▶ **Problem**
Look below for the line that contains "Computer Technician Resume", then copy it and each following line to the end of the records, minus any pictures.

▶ **Supplied records**
● ● ●

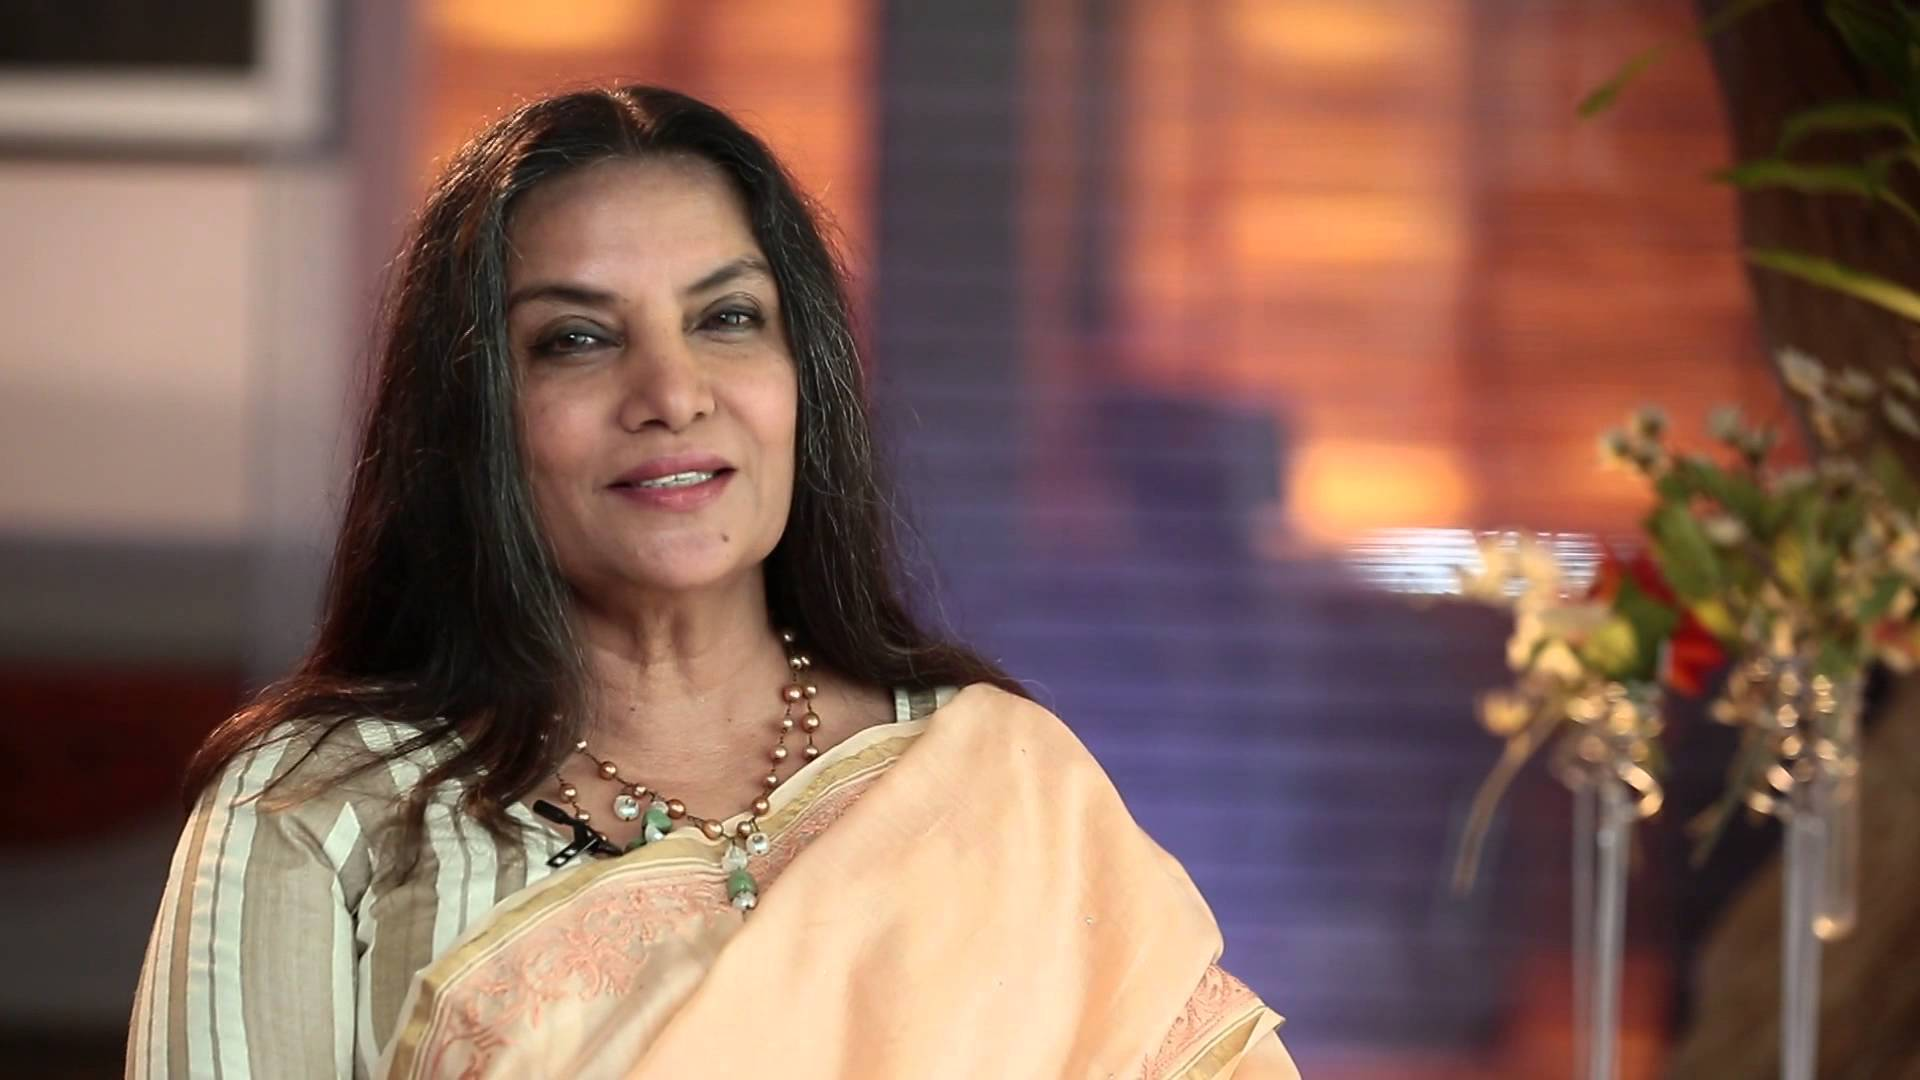 Veteran Indian actress Shabana Azmi
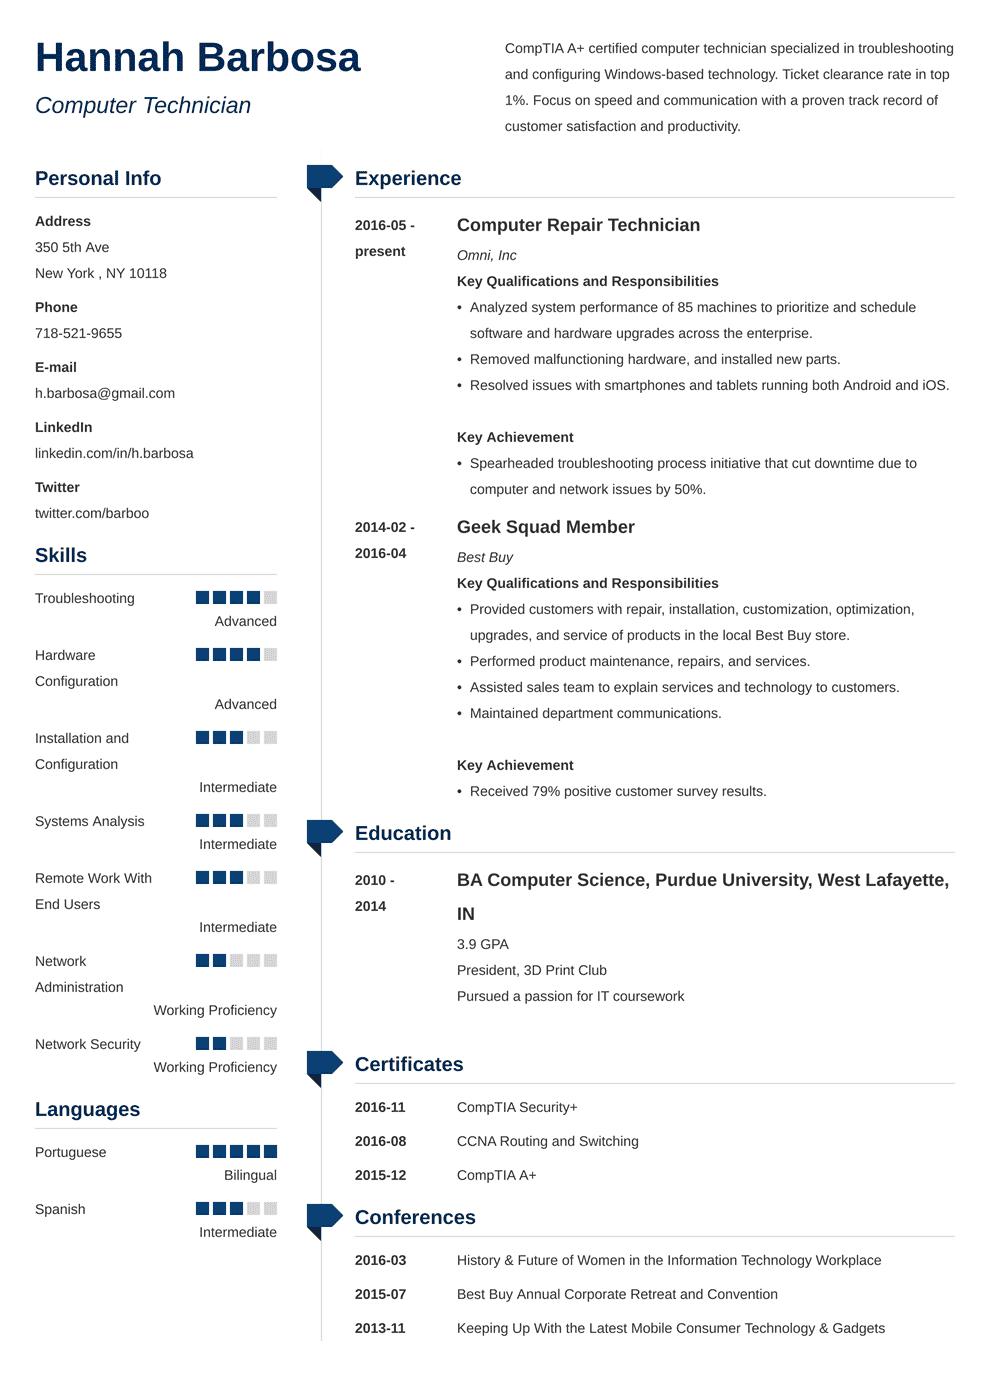 Computer Technician Resume Sample & Job Description
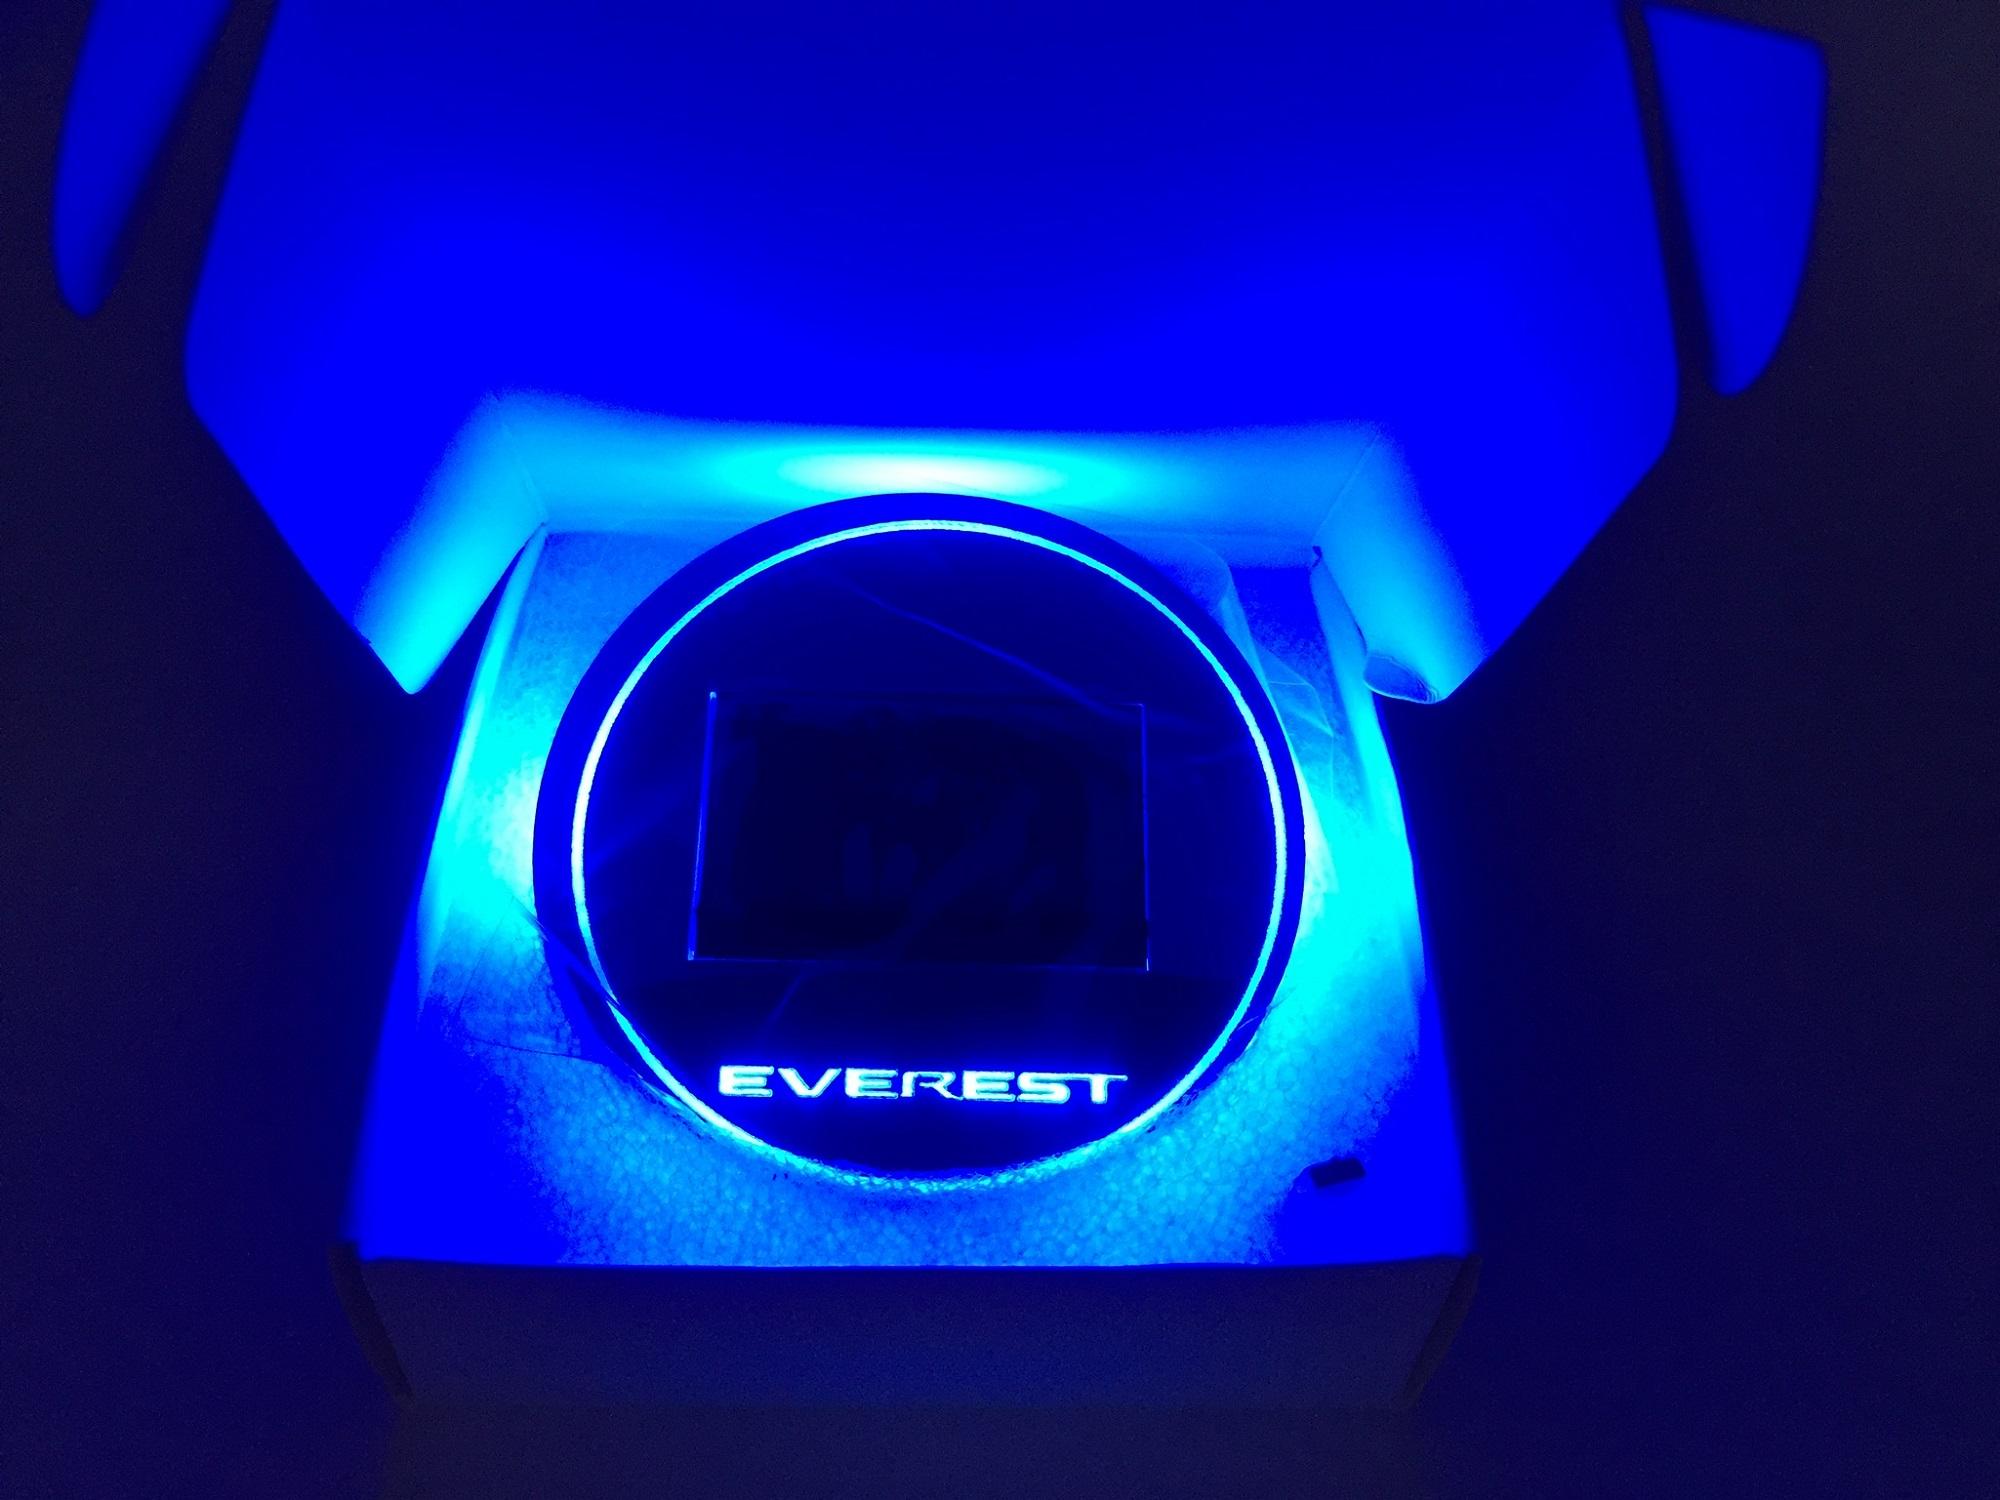 LED Cup Holder รองแก้วมีไฟ Everest
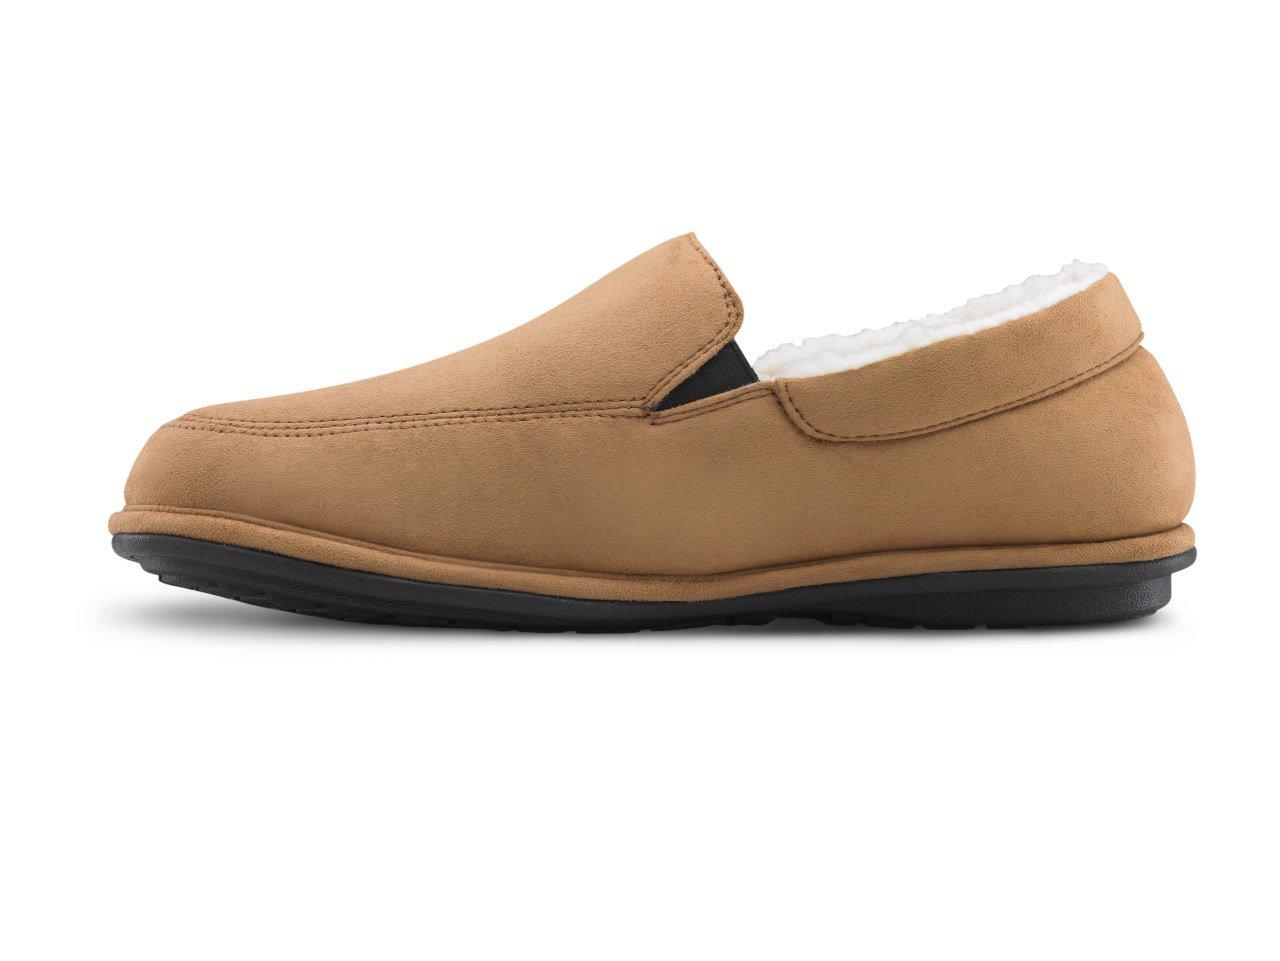 Dr. Comfort Relax Men's Slippers - Camel
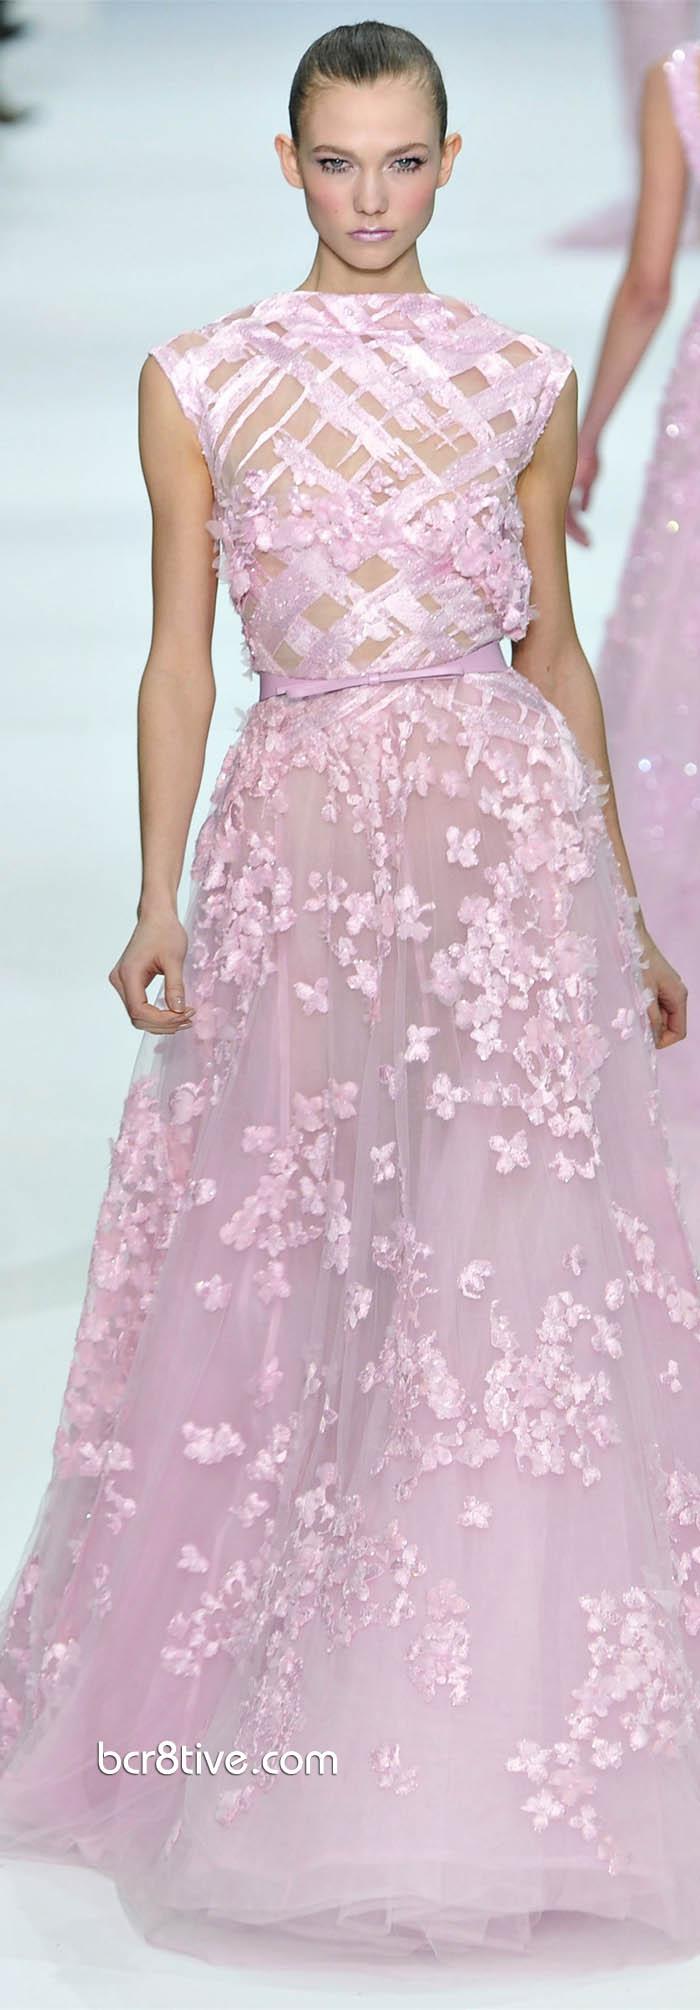 Elie Saab Spring Summer 2012-2013 Haute Couture

● ● ●

▶ **Solution to the exercise**
 Computer Technician Resume Sample & Job Description
 LED Cup Holder รองแก้วมีไฟ Everest
 Dr. Comfort Relax Men's Slippers - Camel
 Elie Saab Spring Summer 2012-2013 Haute Couture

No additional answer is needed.